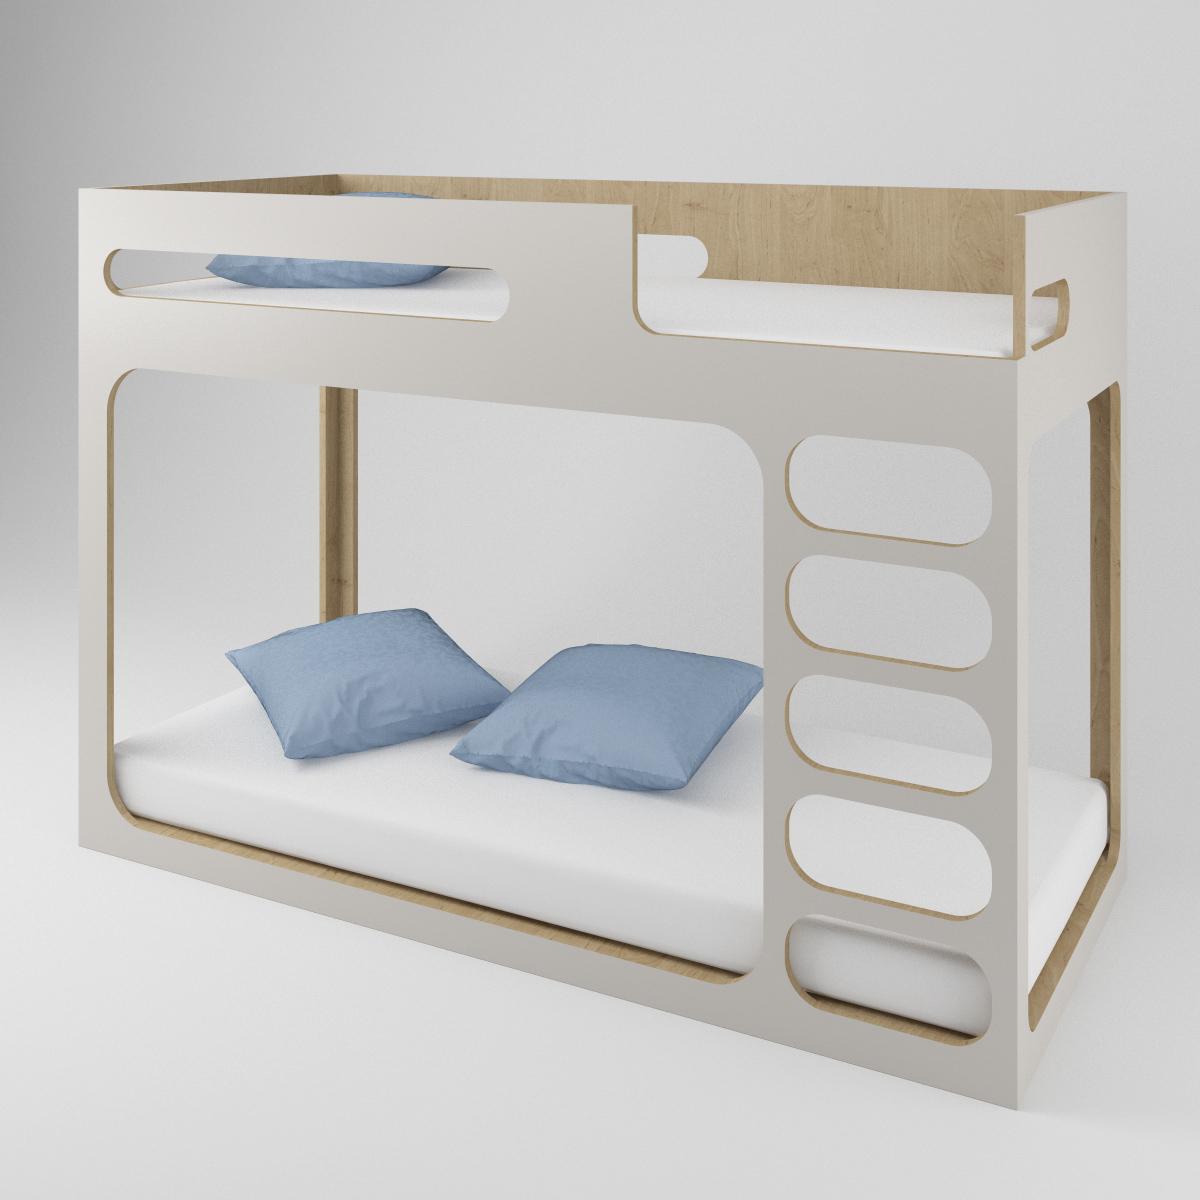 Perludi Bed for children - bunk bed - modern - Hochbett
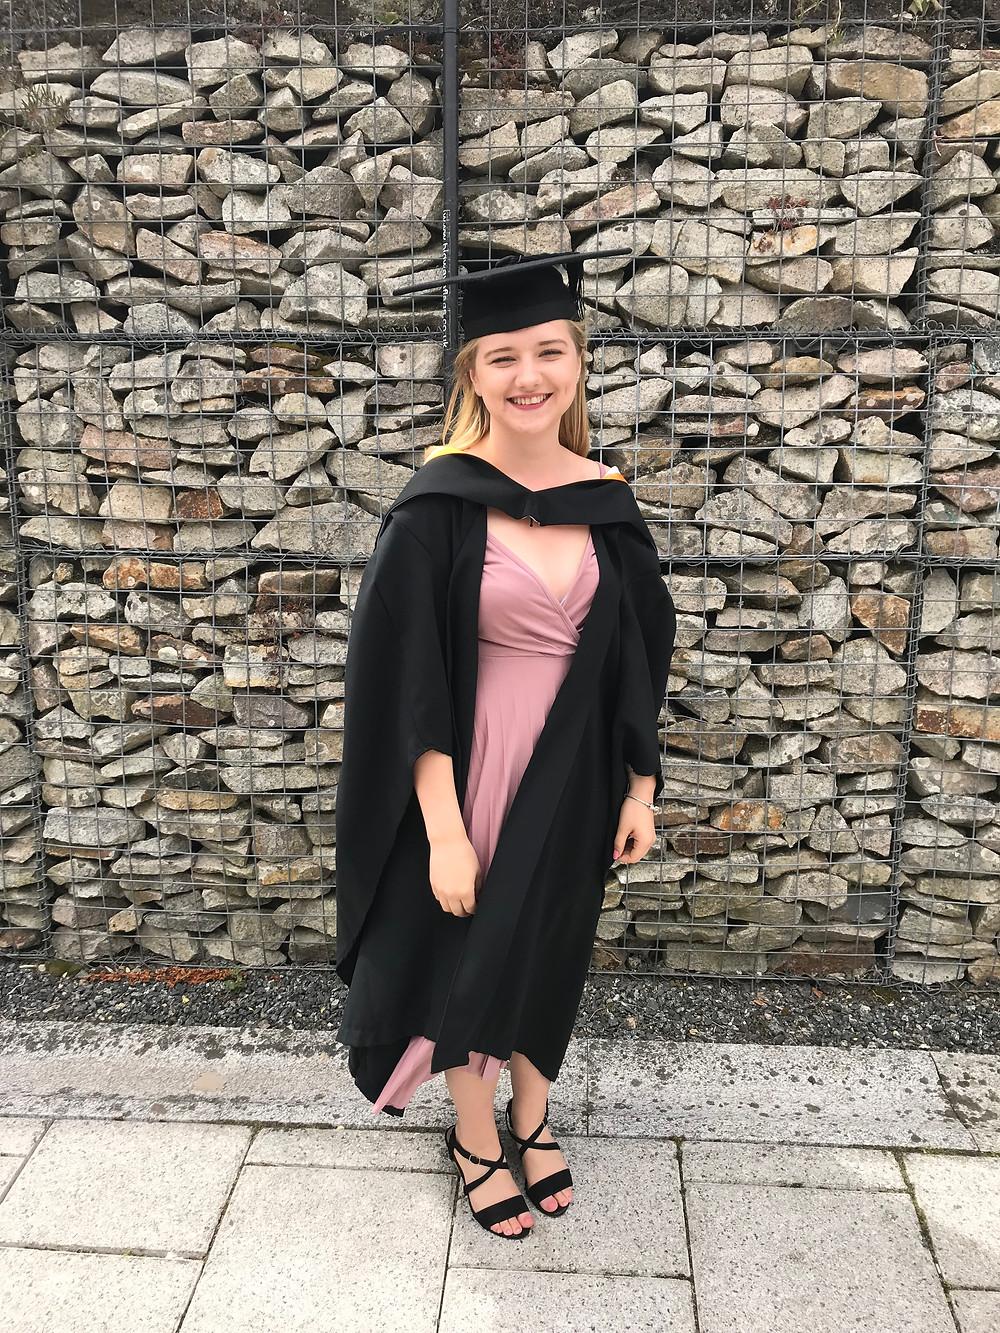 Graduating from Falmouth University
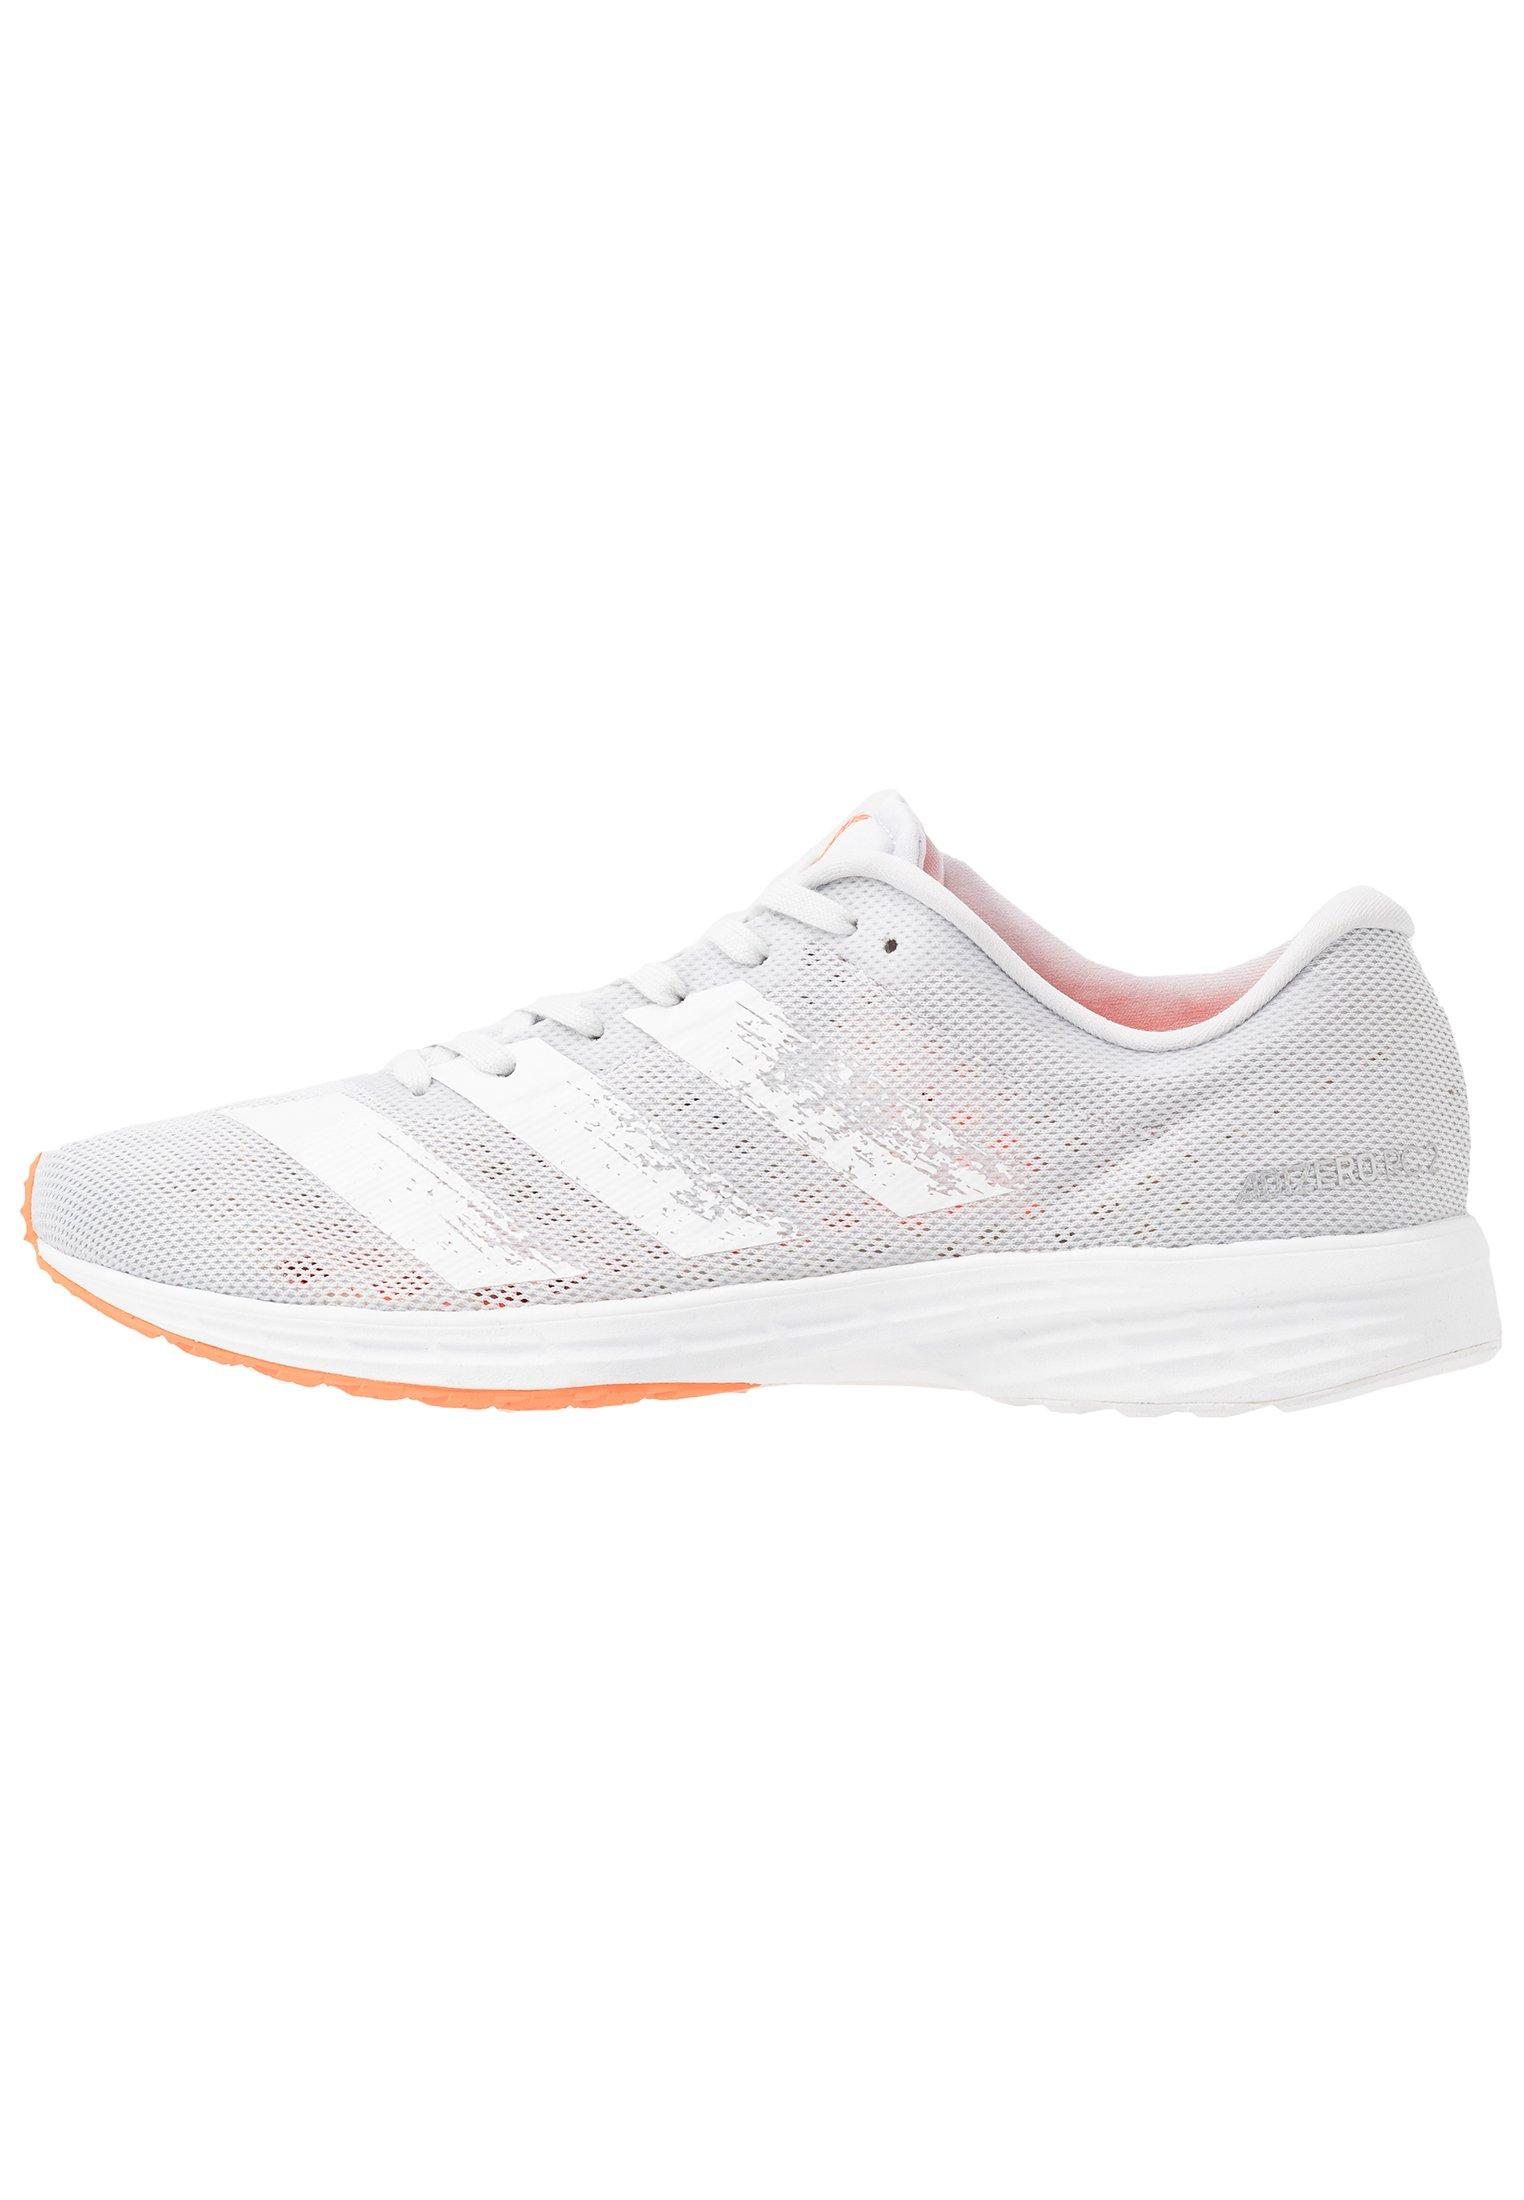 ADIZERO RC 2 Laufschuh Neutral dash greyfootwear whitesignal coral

|---|

### WHAT THE TASK ASKS
Reproduce exactly the lines above from the one with "Graduating from Falmouth University" through the last line of the data, keeping both ends and dropping the pictures.

### TASK OUTPUT
 Graduating from Falmouth University
 ADIZERO RC 2 Laufschuh Neutral dash greyfootwear whitesignal coral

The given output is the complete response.